Despite the agreement for risk factors for blood transfusions in primary THA between the present machine learning study and prior retrospective work [21, 36, 37], there are differences in research findings with regards to the threshold for pre-operative hematocrit. The threshold for low pre-operative hematocrit (< 36%) as identified in this present machine learning study is higher than that of previous retrospective studies (< 30%). This may be due to the increased accuracy of machine learning methods in the analysis of large and complex datasets, with machine learning models possessing great strength in the identification of complex and non-linear relationships between numerous clinical parameters [19].

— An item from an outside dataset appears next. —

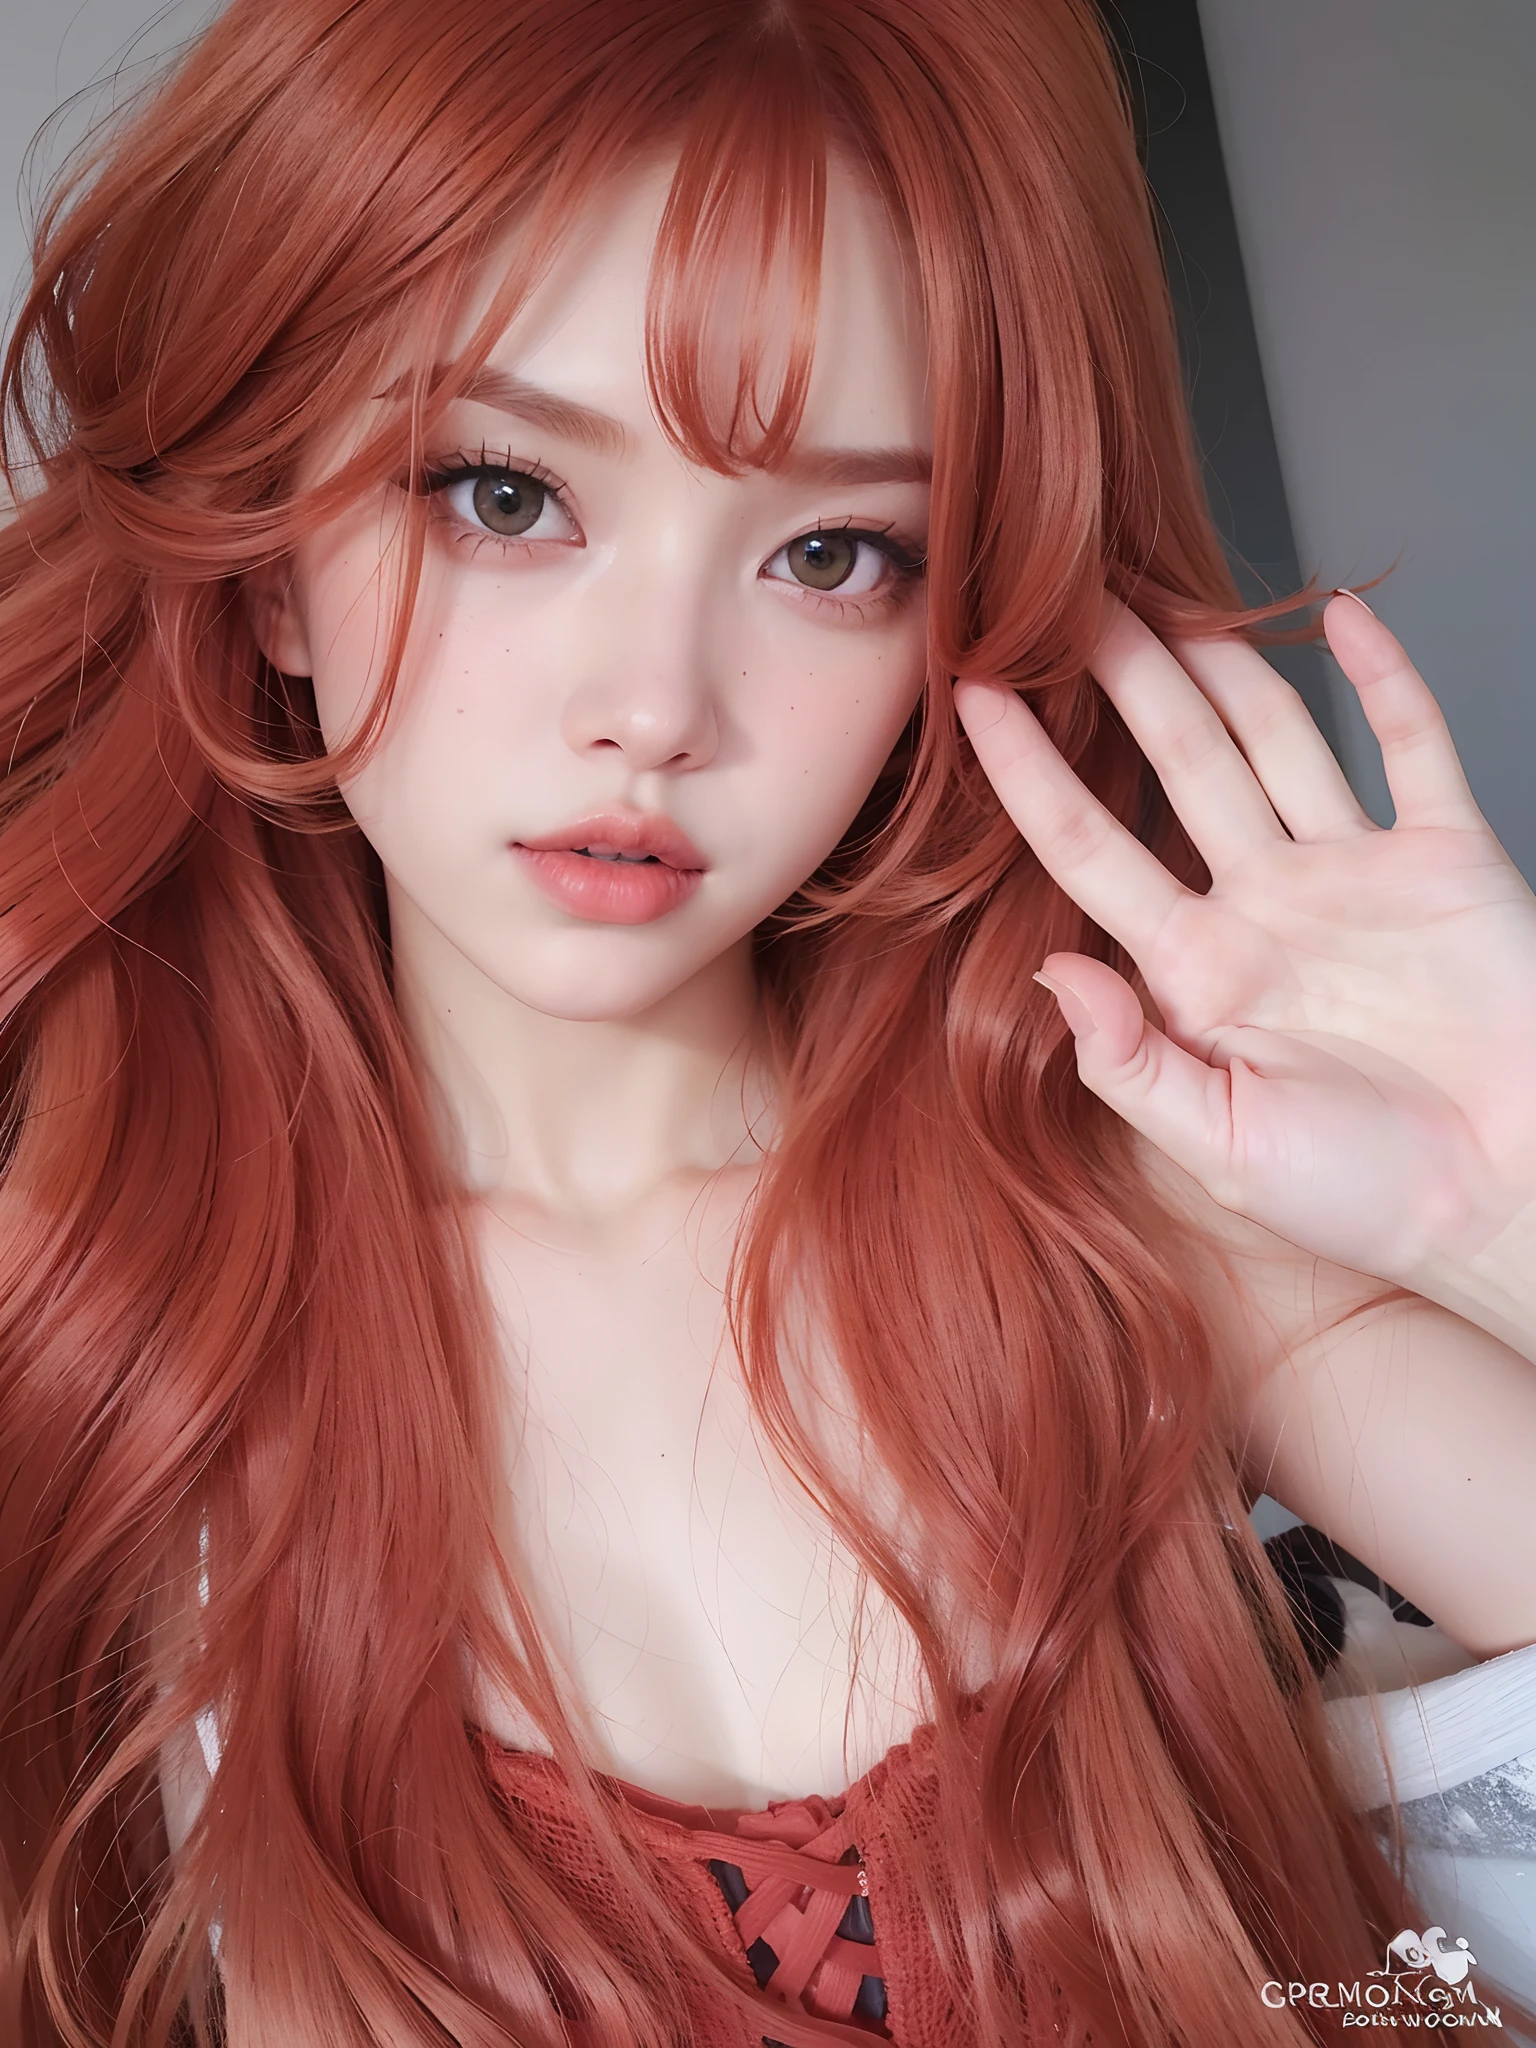 A closeup of a woman with long red hair and a bra, flowing ginger hair, ginger wavy hair, orange skin and long fiery hair, long wavy orange hair, ginger  hair, orange flowing hair, glowing orange hair, long orange hair, wavy big red hair, long ginger hair, orange hair, curly copper colored hair, ginger  hair selvagem, medium long wavy ginger hair, casual wear

The findings of the current investigation should be interpreted within the context of its limitations and strengths. While the algorithm was developed based on data collected from a sizeable cohort of patients, their predictive capabilities may not be entirely generalizable. External validation of the algorithm using independent populations has the potential to increase clinical applicability. Another limitation inherent to machine learning is the “black box” nature of the algorithm in which associations between variables are not explicitly known. However, a notable strength of the current machine learning model is its accuracy, despite the relatively limited number of THA patients and thus administered blood transfusions following THA. The AUC exceeded 0.8 for neural networks which is the threshold for excellent model performance. Machine learning has demonstrated excellent performance in predicting blood transfusions in the general surgical population and in those undergoing total knee arthroplasty [4, 17]. Third, although there were no institutional changes in the protocol for blood transfusions over the study period, due to the retrospective nature of this study, it remains unclear how much weight and emphasize each operating surgeon placed on each patient and surgical factor for selecting blood transfusions during primary THA surgery. However, this represents a common limitation in retrospective studies on this topic [2, 17]. Fourth, this is a retrospective study and thus is subjected to all inherent limitations of retrospective study designs including reporting and recall bias. Finally, most of the risk factors were binary, and thus, this study did not evaluate the effect of disease severity. However, this represents a common limitation of machine learning studies [38, 39].

In summary, the current study developed and validated machine learning models to accurately predict patient-specific blood transfusion following primary THA. The results represent a novel application of machine learning and has the potential to improve outcomes and pre-operative planning while also reducing costs. Further investigations are needed to validate this model to expand its generalizability.